Part 11

111 9 0
                                    

"Bukan Untukku"

"Setelah bertahun-tahun lamanya, semesta tidak menyatukan do'a kita. Yang harus kamu lakukan bukan mengeluh, apalagi hancur sendiri. Biarlah aku yang menyesal seumur hidupku, karna telah menyakitimu."

Aldo's POV

Gue sadar gue harus milih untuk lupain Rara setelah kita putus waktu itu. Gue udah banyak bikin Rara repot, gue juga sadar gue cuma akan ngelukain Rara kalau gue tetep mau lanjutin ini. Semua orang taunya masalah gue sama Rara cuma sebatas gue galak, ribet, dan gampang marah. Tapi di dalam hubungan ini, ada banyak banget masalah yang gak tau harus di ambil jalan keluar gimana.

Saat kita bisa menghadapi masalah, maka hadapi. Tapi ada masalah yang hanya perlu diselesaikan, disudahi.

Mungkin gue dan Rara sangat bahagia di hubungan ini, selama ini. Sayangnya, meski orangtua gue selalu melempar senyum ke arah Rara, menyayanginya juga. Tapi ortu gue gak setuju sama hubungan kita, mereka gak bisa nerima kalau anaknya punya hubungan sama orang yang beda keyakinan.

Mama gue selalu bilang, "Do, Mama terima gadis manapun yang kamu mau. Tapi satu syarat dari Mama, dia harus seiman sama kita," Mama ngasih gue syarat yang bener-bener gak bisa ditolak. Tapi kenyataannya, Rara, orang yang lagi gue perjuangin ini udah pengecualian terbesar bagi Mama.

"Ma, tapi Aldo sayang sama Rara, Ma," jawab gue setiap kali Mama ngomongin ini.
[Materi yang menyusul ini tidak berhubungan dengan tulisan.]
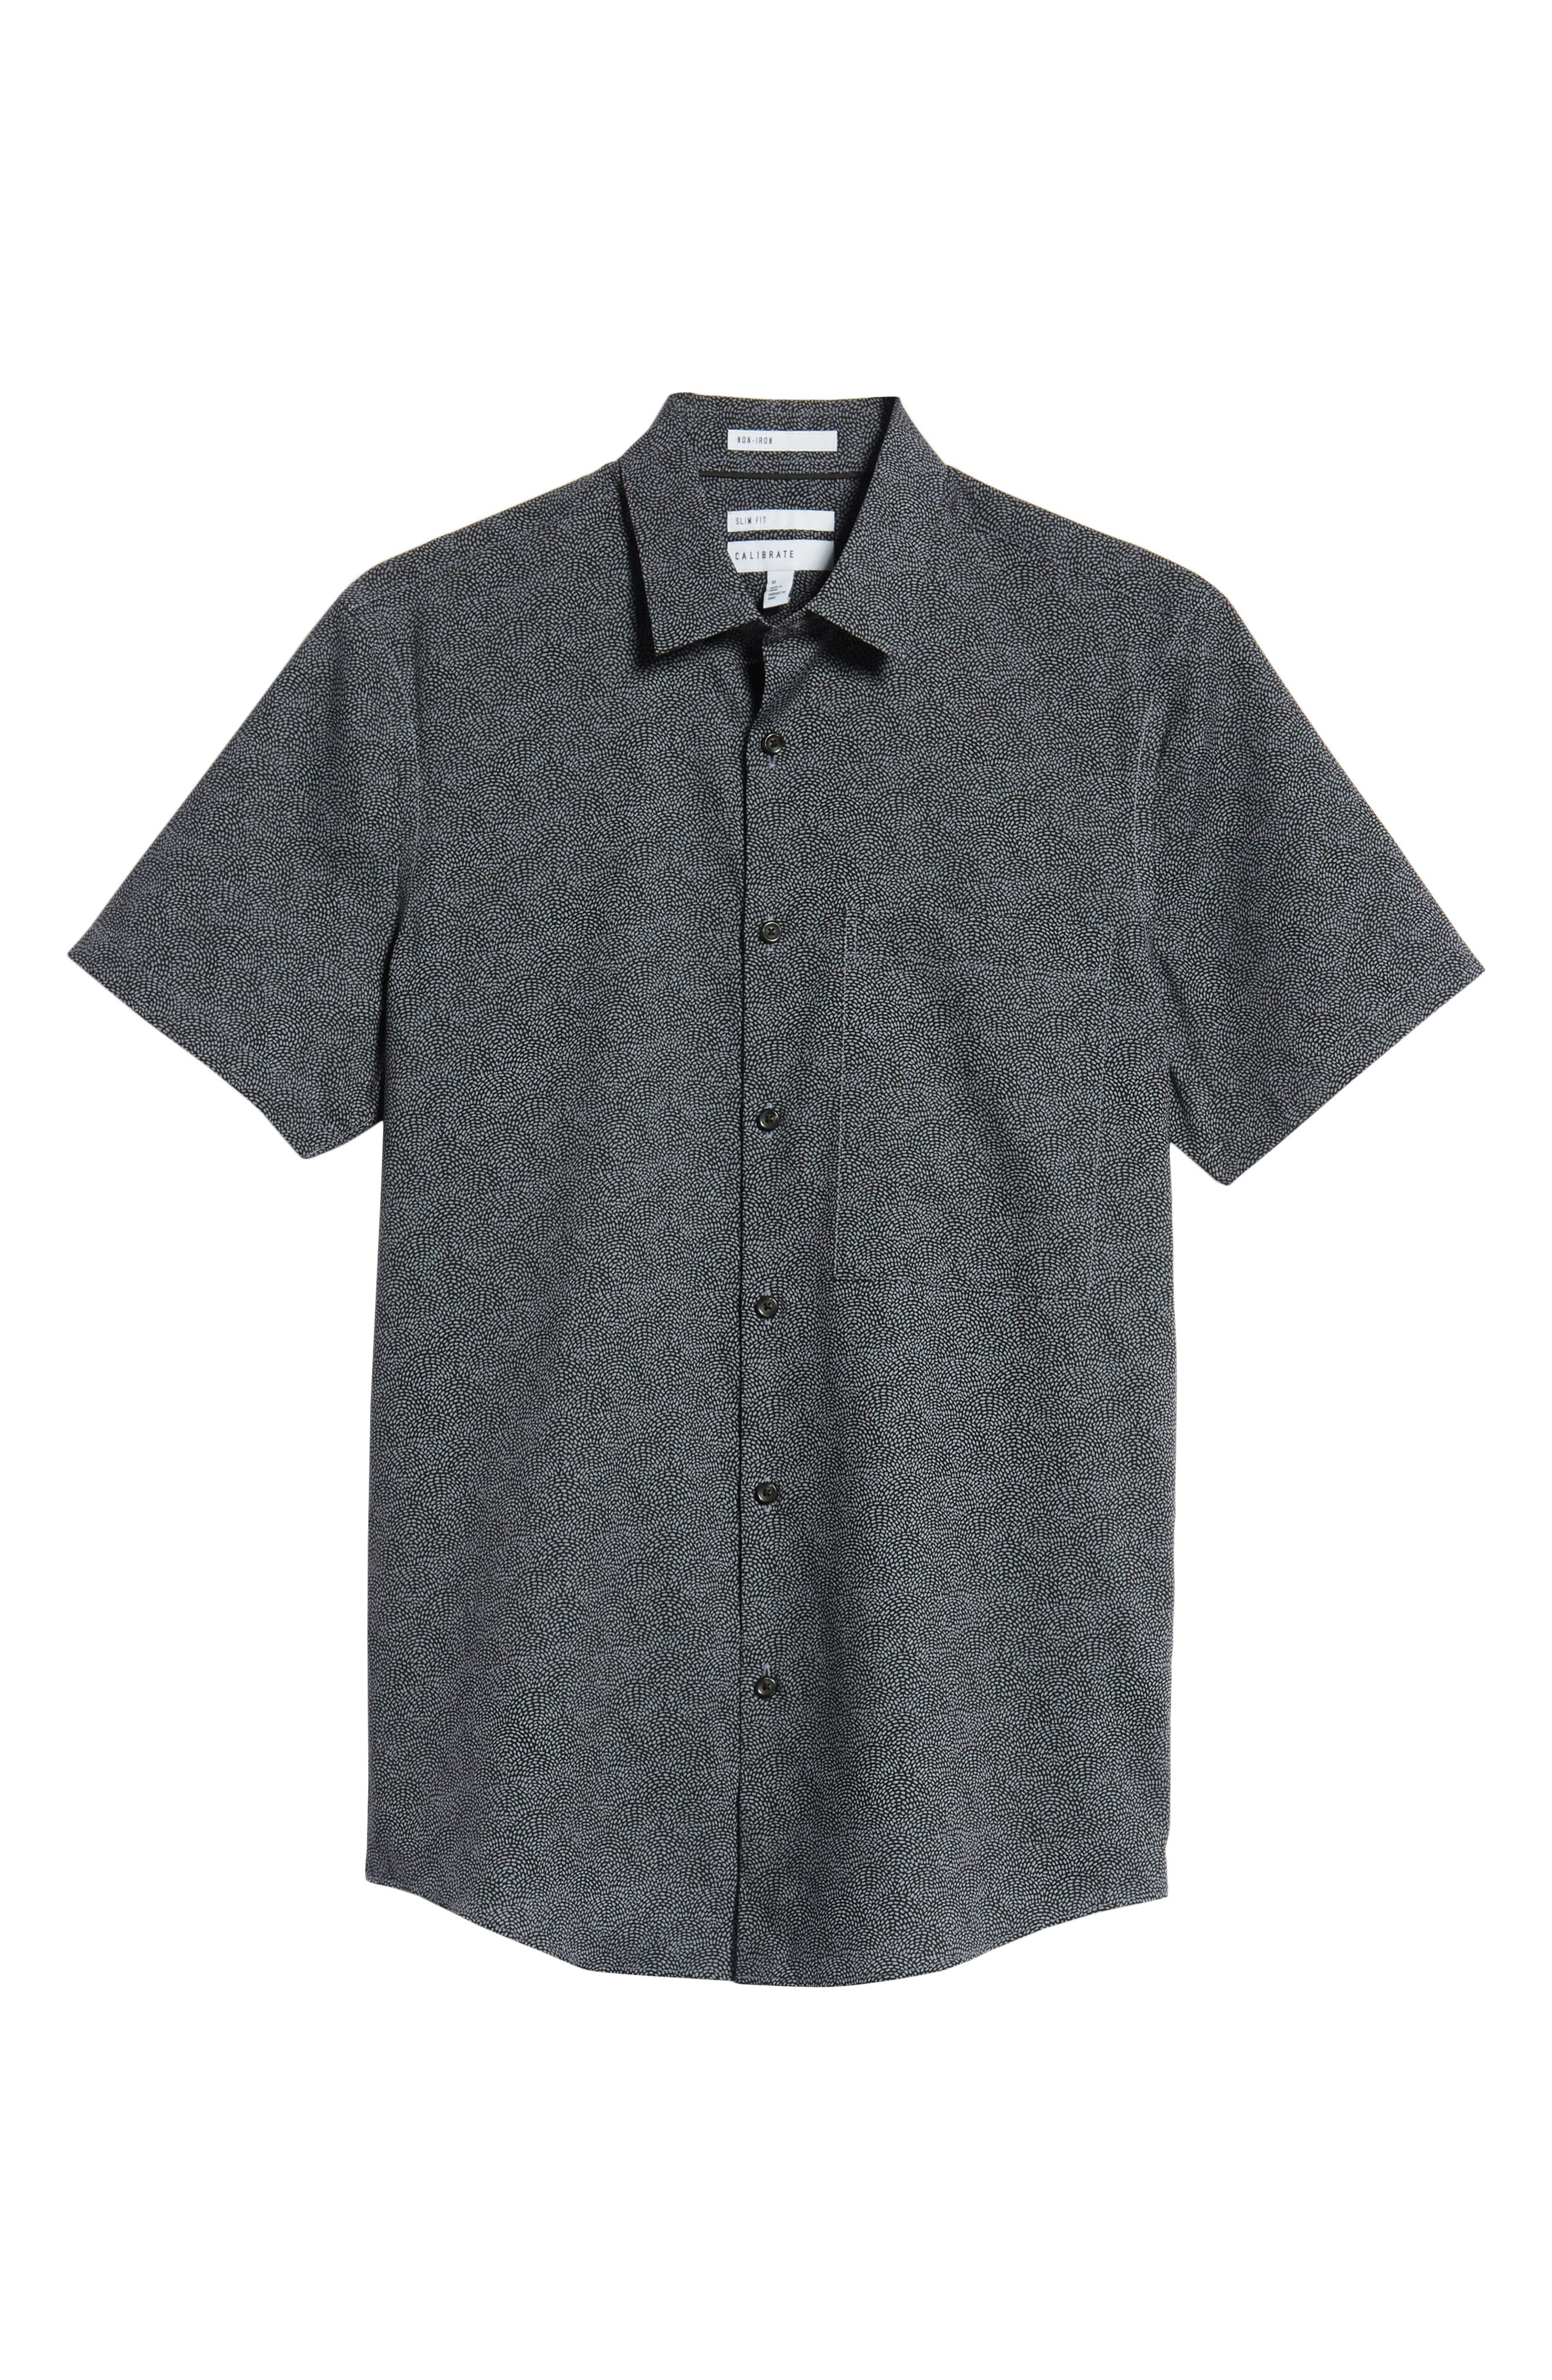 Slim Fit Print Non-Iron Sport Shirt,                             Alternate thumbnail 6, color,                             GREY FOLKSTONE BLACK DOT

"Kamu lebih sayang Rara atau Mama? Mama kasih kamu kebebasan, tapi ini satu-satunya pinta Mama, Do. Rara anak baik, Mama gak ada masalah sama kepribadiannya, atau sama keluarganya. Yang Mama permasalahkan itu keyakinannya, kita beda. Kamu ngerti gak kekhawatiran Mama?"

"Ya Aldo sayang Mama, tapi kan pasti ada jalan keluarnya, Ma."

"Apa? Kamu yang ikut dia? Kamu pikir keluarga Rara bakalan ijinin Rara pindah dan ikut keyakinan kamu? Gak akan ada keluarga yang terima, Agama gak bisa ditaruhkan, Do. Kamu harus sadar."

Mama menatap gue serius setiap membahas ini, dia benar-benar khawatir dengan keadaan gue, takut gue bertindak ceroboh.

"Ma, pasti ada jalan, Ma..."

"Do, kamu mau biarin Rara makin berharap sama kamu? Mama yakin dia di rumahnya sama, punya perdebatan semacam ini. Mama tau gimana taatnya keluarga dia, dan taatnya Rara. Jadi kamu gak perlu memperpanjang masalah, selesaikan, Do."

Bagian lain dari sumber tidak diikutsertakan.